In attempting to sort out the good stories from the bad, it is not always obvious which evidence to believe. Different types of evidence can appear to contradict each other; Otzi’s arrows are claimed as evidence that he spent his time hunting at high altitude whereas the geological isotopic evidence suggests otherwise. There is no magic formula for working all of this out. The best that the scientists can do is give possible stories and some estimate of how confident they are in those stories. There is one exception; exclusion. If, for example, your DNA or fingerprint does not match the DNA of the perpetrator found at the crime scene then we are sure that you are not amongst the suspects.
Otzi died a long time ago – around 3,000BC. Forensic science has made contributions to more recent cases of some historical interest. Some have claimed scientific support for a new theory of who killed Rasputin. Apparently, from photographs of the wounds and ‘new forensic techniques’, it is thought that he was killed by three different guns. Like so many crime investigations, this one is compromised by the lack of clear documentation and recovery of evidence at the time. The recovery of the bullets, and possibly gunshot residue, would have provided an unequivocal answer to the question of the number of firearms. The ‘evidence’ has generated heated, if not informed, debate.

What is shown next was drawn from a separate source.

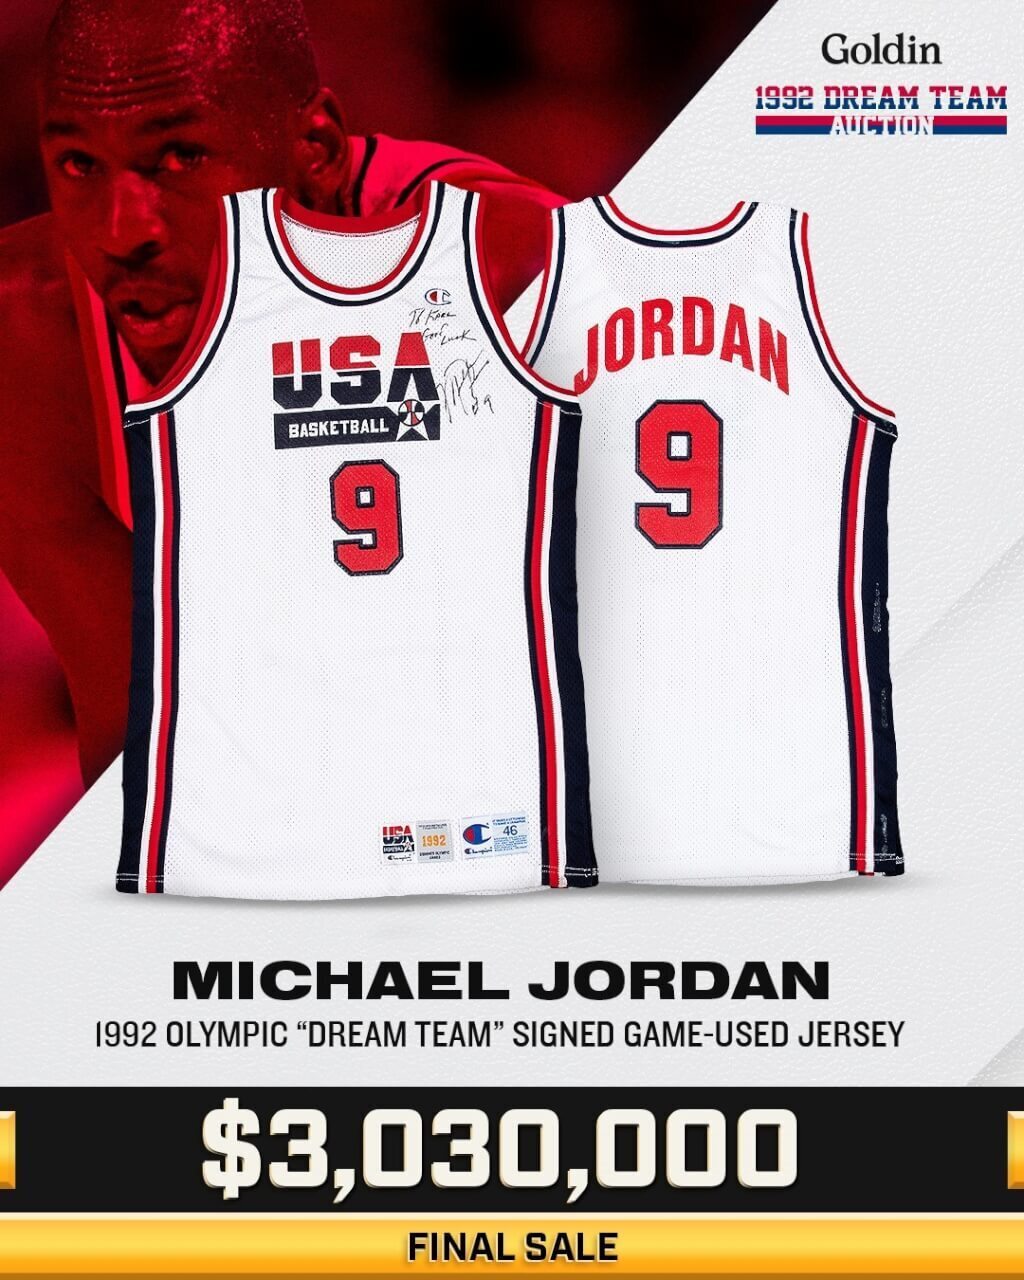 Chiếc áo thi đấu năm 1992 của huyền thoại bóng rổ Michael Jordan được bán với giá 93 triệu Đài tệ

Science has helped, and continues to help, the historian. Assisting in answering questions about who, what, how, when, and where, perhaps leaving to the historian the vexed question of why? Geology, mathematics, physics, chemistry, biology, medicine, and the rest, combine to provide a powerful arsenal of today’s expertise to provide answers to our past.
For the future, there is much that remains to be discovered, not only in the development of new techniques in the physical and biological analysis of old material, but in the seemingly unending lists of new finds of tombs, artefacts, and samples created by history and now, hopefully, understood because of our scientific curiosity today. Forensic or not, it is fascinating science that takes us to different times and places.